Richard J. Roller, Ph.D.
Ph.D., Harvard University, 1987 |
Professor and Vice Chairman of Microbiology Campus address: 3-432 BSB Mailing address: 51 Newton Rd. 3-432 Bowen Science Building Iowa City, IA 52242 Phone: 319-335-9958 Email: |
Molecular Biology of Herpes Simplex Infections
Herpesvirus genomes are transcribed and replicated in the nucleus of the cell. Virus capsids are assembled, and viral genomes are packaged into those capsids in the nucleus as well. The DNA containing capsids must then be transported to the cytoplasm. Capsids are enveloped by the inner nuclear membrane, forming a virus particle between the inner and outer nuclear membranes. The envelope of this virus particle then fuses with the outer nuclear membrane, releasing the DNA-containing capsid to the cytoplasm, where it can finish maturation and egress. This process of nuclear envelopment/de-envelopment is conserved in all herpesviruses and uses virus proteins that are not closely related to any cellular proteins. As such, it represents a very attractive target for development of new antiviral therapies for herpesviruses.
My lab is interested in the mechanism of nuclear envelopment. We have identified some of the viral factors required for the process and hope to create a complete description of the process by (i) identifying all of the viral and cellular factors required; (ii) assigning functions to each of those factors; (iii) characterizing all of the functional interactions tat are necessary for this process; (iv) determining the structures of critical parts of the envelopment apparatus (v) identifying points in the process that might be susceptible to inhibition.
Herpesvirus nuclear envelopment is associated with changes in the organization of the nuclear lamina – a complex structure that underlies the inner nuclear membrane and that plays critical roles in maintaining nuclear structure, in assembling and disassembling the nucleus during cell division, and in regulating gene expression. Our research has recently focused on the means by which the virus alters the structure of the lamina during infection. This research has implications not only for the biology of herpesviruses, but also for the understanding of nuclear function and of human diseases that result from changes in the structure of the nuclear lamina.

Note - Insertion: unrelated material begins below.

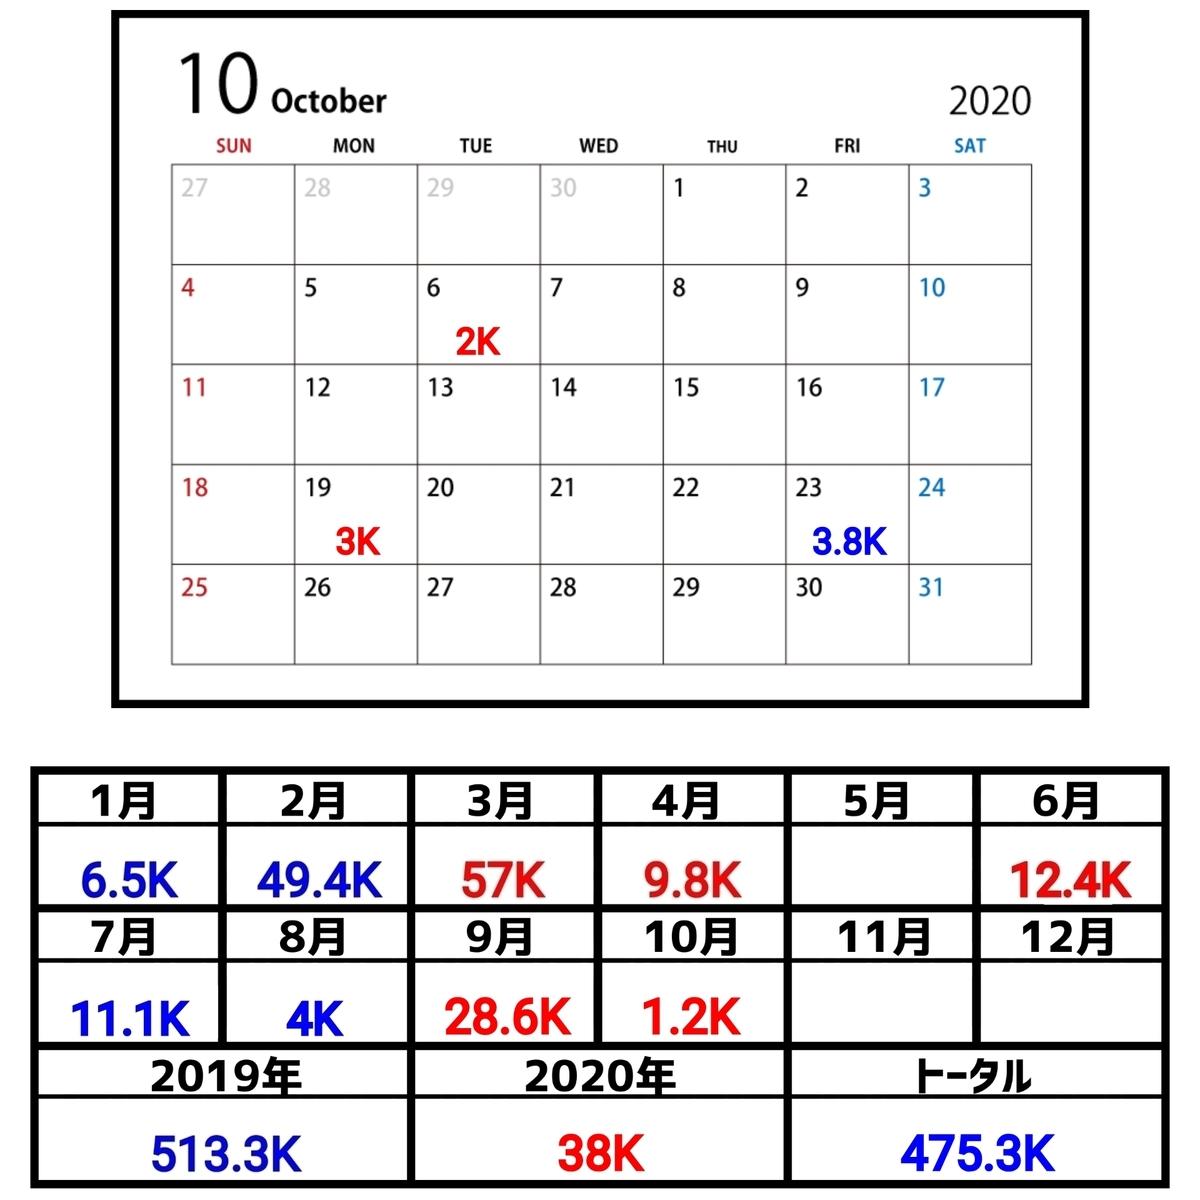 f:id:kohdyun:20201024142744j:plain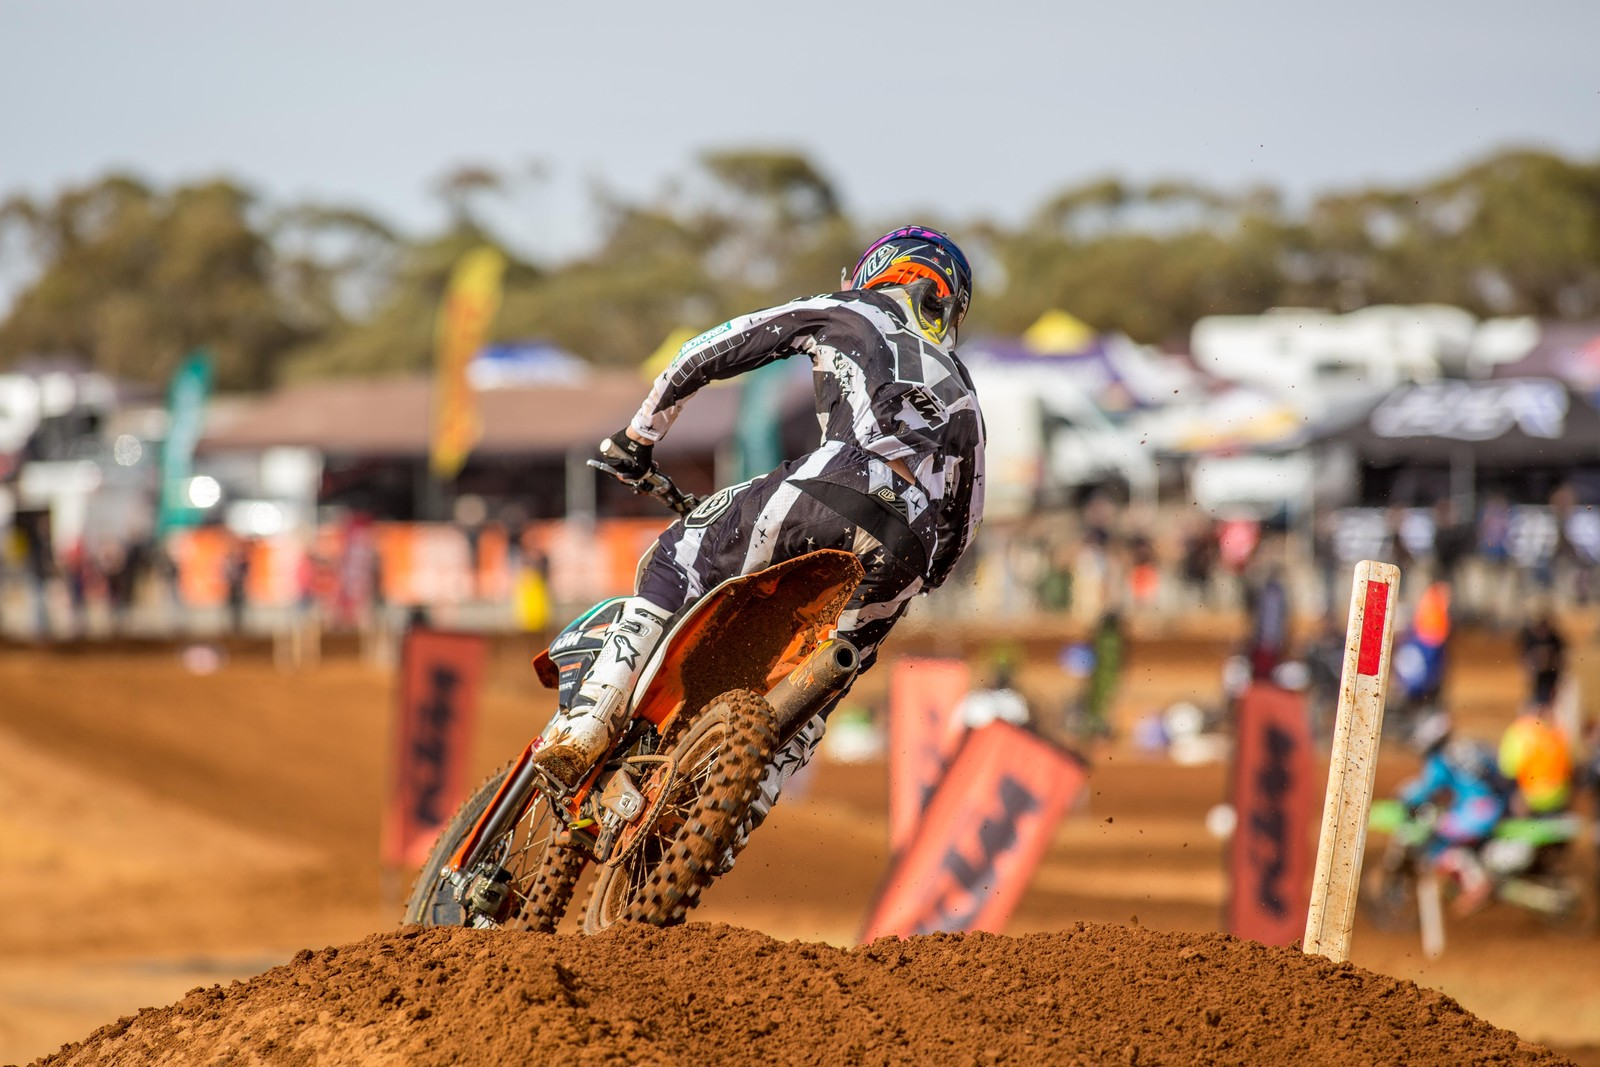 Caleb Ward - Australian Motul Mx Championships: Round 4, Murray Bridge - Motocross Pictures - Vital MX

Virus-infected cells can be eliminated by apoptosis, a kind of programmed cell death. Apoptosis can be induced either by sensing mechanisms within the infectedc cell itself, or by cells of the immune system after they recognize an infected cell. Like many viruses, herpes simplex virus has evolved ways of inhibiting apoptosis in the infected cell. One critical anti-apoptotic factor for HSV is a virus-encoded protein kinase called US3 that is also involved in primary envelopment. We are intrigued by the overlap in functions in this protein and are working to determine the mechanisms by which it inhibits apoptosis and participates in envelopment.
Recent publications
Leach, N., S.L. Bjerke, D.K. Christensen, J.M. Bouchard, F. Mou, R. Park, J.D. Baines, T. Haraguchi, and R.J. Roller. 2007. Emerin is hyperphosphorylated and redistributed in herpes simplex virus type 1-infected cells in a manner dependent upon both UL34 and US3. J. Virol. 81:10792-10803.
Farnsworth, A., T.W. Wisner, M. Webb, R. Roller, G. Cohen, R. Eisenberg, and D.C. Johnson. 2007. Herpes simplex virus glycoproteis gB and gH function in fusion between the virion envelope and the outer nuclear membrane. Proc. Natl. Acad. Scie. USA 104:10187-10192.
Bjerke, S.L. and R.J. Roller. 2006. Roles for herpes simplex virus type 1 UL34 and US3 proteins in disrupting the nuclear lamina during herpes simplex virus type 1 egress. Virology 347:261-276.